In Figure 6a, three illustrative transverse view maximum intensity projections acquired with the three different protocols are presented. Clear vessel delineation was achieved in all cases with clean subtraction of background tissue. However, focusing on the vessels highlighted by the red arrow, the cone protocol provided a much better visualization of the small distal vessels due to its improved spatial resolution resulting from the better coverage of peripheral k-space. Of the two radial protocols, it is evident that the radial trajectory with TR matched to the cone protocol yields marginally blurrier outcomes compared to the radial trajectory with the previously optimized protocol, which is expected due to the smaller number of spokes acquired. Notably, the vessel’s sharpness, indicated by the blue arrow, is diminished in the former.

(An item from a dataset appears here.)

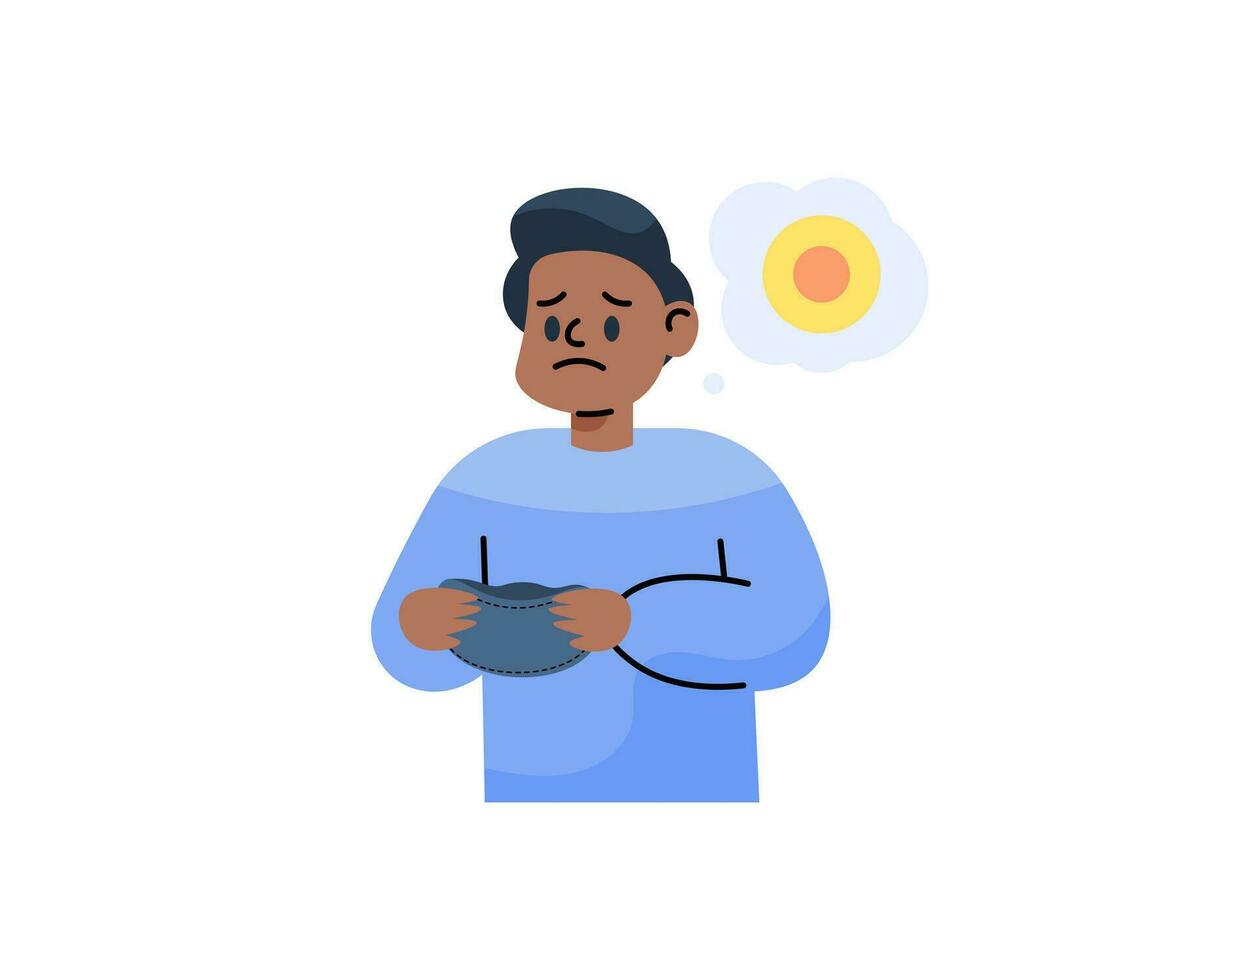 illustration of a man sad because he has no money. chase. the money in the wallet is gone. running out or not having money. Financial Problem. flat or cartoon style illustration design. graphic vector

To facilitate clarity, the comparison between the cone trajectory and the optimal radial protocol is presented in Figure 6b, showcasing three exemplary frames for each protocol in all three views. The advantage of the cone trajectory lies in the enhanced visualization of distal vessels with sharper contours, consequently improving the diagnostic and vessel-related analysis capabilities. In the orange box, particularly within the region enclosed by the yellow circle, a conspicuous disparity emerges: the radial approach fails to preserve signal intensity within some segments of the proximal arteries, likely attributed to signal dephasing due to B₀ inhomogeneity and/or flow effects. In contrast, the cone trajectory has less signal loss, thanks to its center-out design and substantially shorter echo time.

Quantitative comparisons

The quantitative repeatability evaluation of the perfusion images is presented in Figure 7a. The observed trend in repeatability follows a gradual decline as the post-labeling delay increases, reflecting the signal’s natural attenuation after labeling. In agreement with the visual comparisons in Figure 5, the cone trajectory was more repeatable than the two radial trajectories. Similar result for the angiographic images is shown in Figure 7b. Given the considerably stronger angiography signal compared to perfusion, the absolute values of scan repeatability were inherently higher. In both radial trajectories’ results, repeatability declined quickly as frames progressed. In contrast, the cone trajectory maintained a relatively higher repeatability across frames. The consistency further substantiates the robustness and reliability of our proposed cone design. The significance for the cone trajectory improvement was confirmed by multi-way ANOVA test (p<0.001).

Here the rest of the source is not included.